## About this task
Transcribe the listing below only from the line with "Panasonic 電動自転車 新基準 2倍アシスト - 自転車" up to and including the line with "adidas 3Stripes Jogging".

## Data shown

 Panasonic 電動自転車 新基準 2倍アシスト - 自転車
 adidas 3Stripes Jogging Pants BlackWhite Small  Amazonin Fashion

---

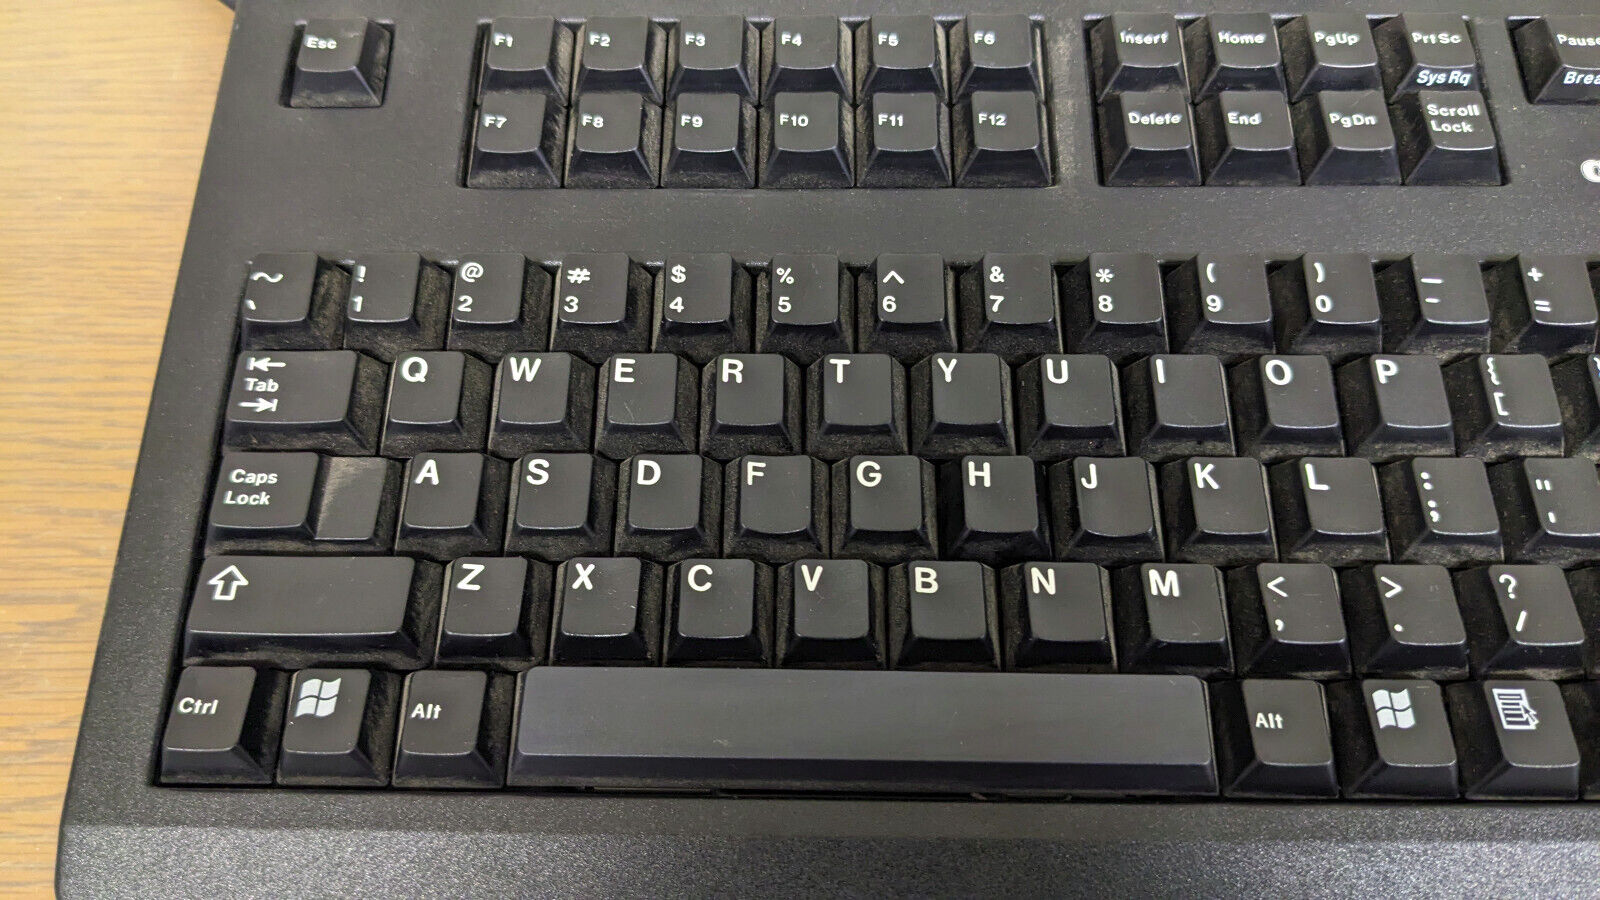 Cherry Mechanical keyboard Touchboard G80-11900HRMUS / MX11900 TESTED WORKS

==

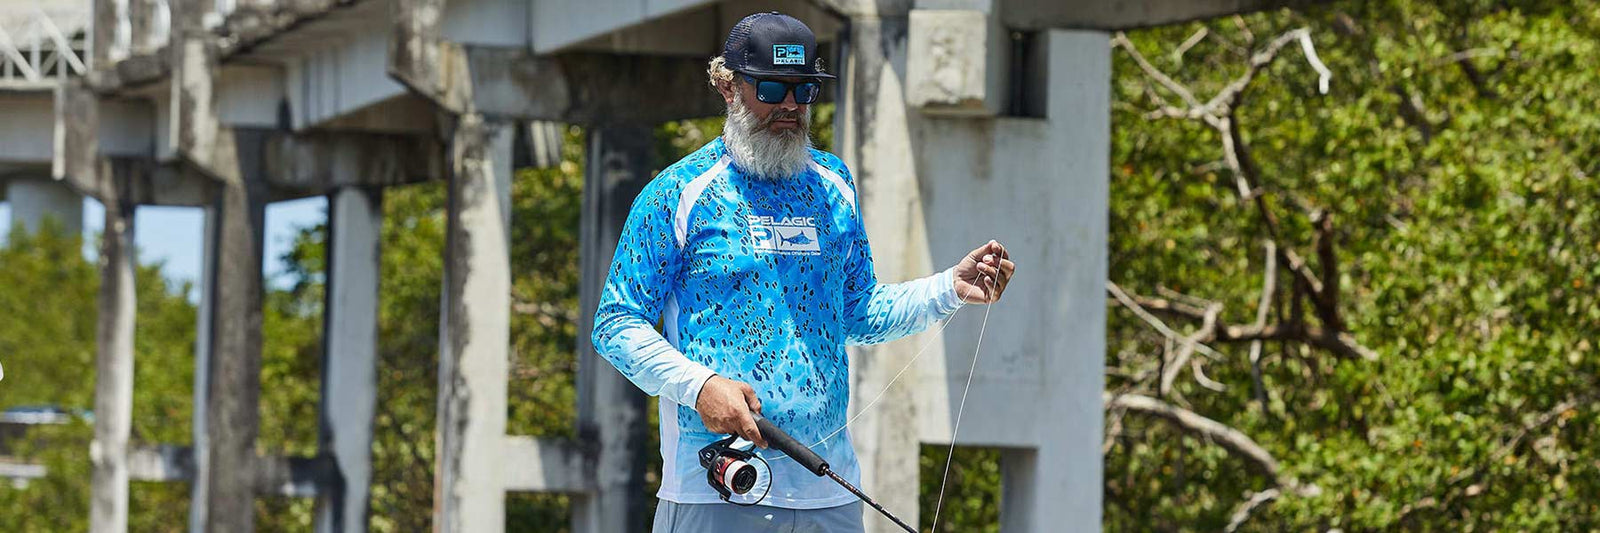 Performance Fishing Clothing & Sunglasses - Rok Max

## Solution
 Panasonic 電動自転車 新基準 2倍アシスト - 自転車
 adidas 3Stripes Jogging Pants BlackWhite Small  Amazonin Fashion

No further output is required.